En otra sesión del Congreso, esta vez pública, que tuvo lugar en junio del 2002, un senador trajo a colación los diagramas que, según Bush hijo, se habrían encontrado en Afganistán. McGaffigan, siempre testimoniante, sugirió que “quienes escriben los discursos del presidente se exaltaron un poco con el tema”. ¿La exaltación fue de los speech writers de la Casa Blanca o del jefe de la Casa Blanca, que es el que baja línea? Lo cierto es que W. no encontró en Iraq las armas de destrucción masiva (ADM) que “justificaron” la invasión y tampoco en Afganistán los diagramas de planes terroristas fatídicos que preparaban los talibanes y Al-Qaida. Qué triste.

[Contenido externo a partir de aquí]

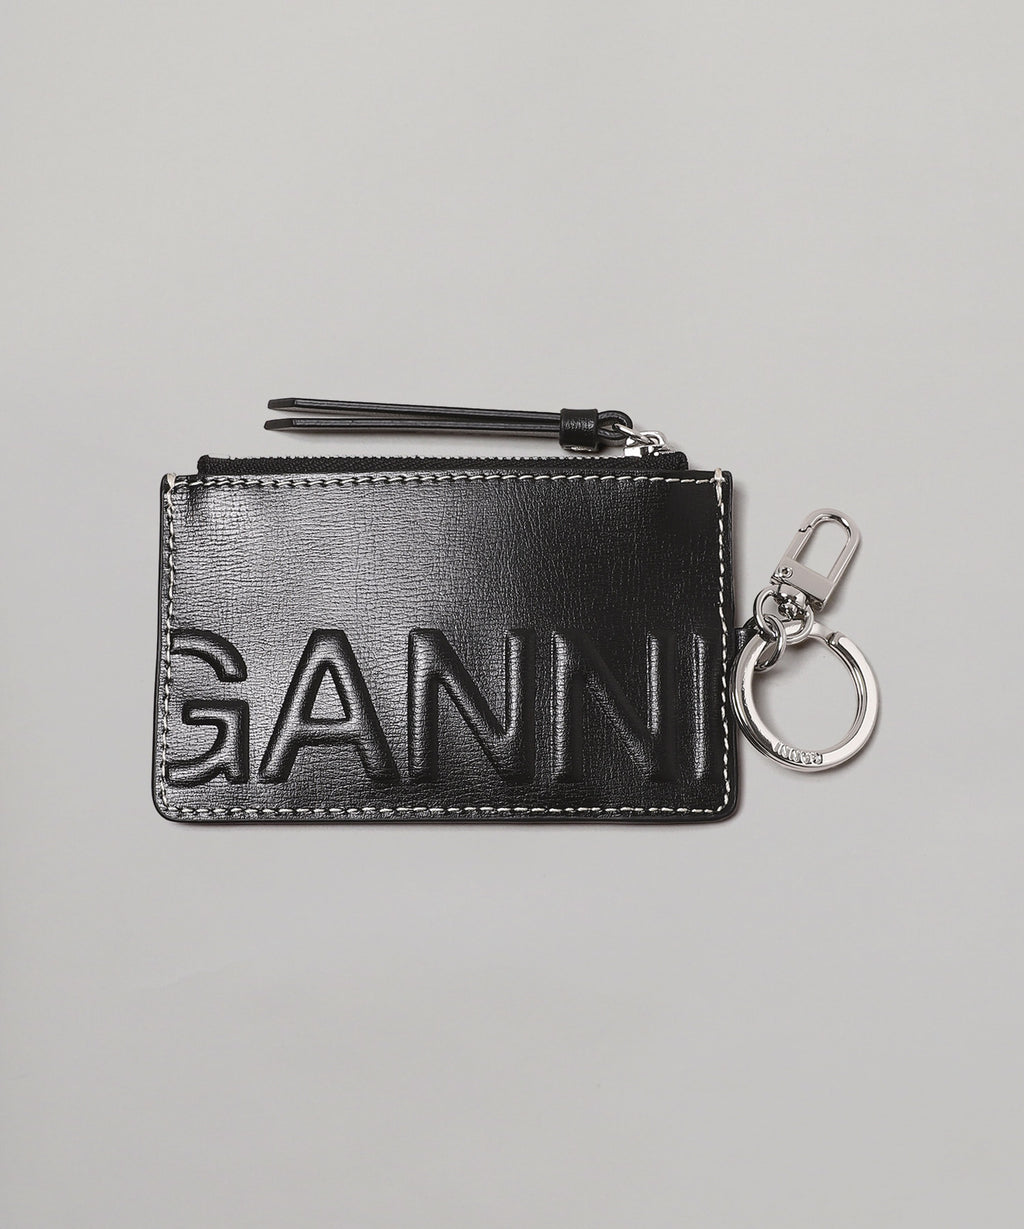 ganni /ガニー Banner Leather Coin Wallet | www.avredentor.com.br

Nada de esto impide que “el presidente de la guerra” –como se autodefinió– vuelva a exigir que la comunidad internacional se empeñe en una lucha más dura para impedir la proliferación de ADM, algo que, desde luego, Washington no aplica a Israel, ni a Pakistán, ni a Estados Unidos. Todo vale para distraer la atención del fracaso de encontrarlas en Iraq. En su discurso del 11-2-04 W. Bush subrayó en particular el peligro que representan las armas nucleares de Corea del Norte, elogió a la CIA porque descubrió la intención nuclear de Libia y criticó, otra vez y sin piedad, al Organismo Internacional de Energía Atómica (OIEA) de las Naciones Unidas, al que los halcones-gallina consideran incapaz porque no ha logrado detener los intentos de desarrollo de programas nucleares en Libia, Corea del Norte y otros países. Sólo que la evaluación de la OIEA acerca de la inexistencia de tales programas en Iraq resultó más acertada que los argumentos que el vicepresidente Dick Cheney y otros esgrimieron para fundamentar la invasión.
Qué importa eso. El ministro de Justicia y amputador de las libertades civiles del pueblo norteamericano John Ashcroft aseguró hace tres semanas en Viena que se justificaba la guerra contra Iraq aunque no tuviera ADM (The Guardian, 26-1-04). ¿La razón? Saddam Hussein utilizó en el pasado una “química nefasta” y una “biología nefasta”. Ashcroft no es un anciano, se acerca a los 60 de edad, y sus lagunas de memoria se explican perfectamente: olvidó decir que fue el Occidente desarrollado, y ante todo Estados Unidos, empujado por una voracidad petrolera insaciable, el que proporcionó a Saddam la “química nefasta” y la “biología nefasta” que el autócrata empleó en su guerra contra Irán. Otra demostración de que las guerras largas requieren una memoria corta.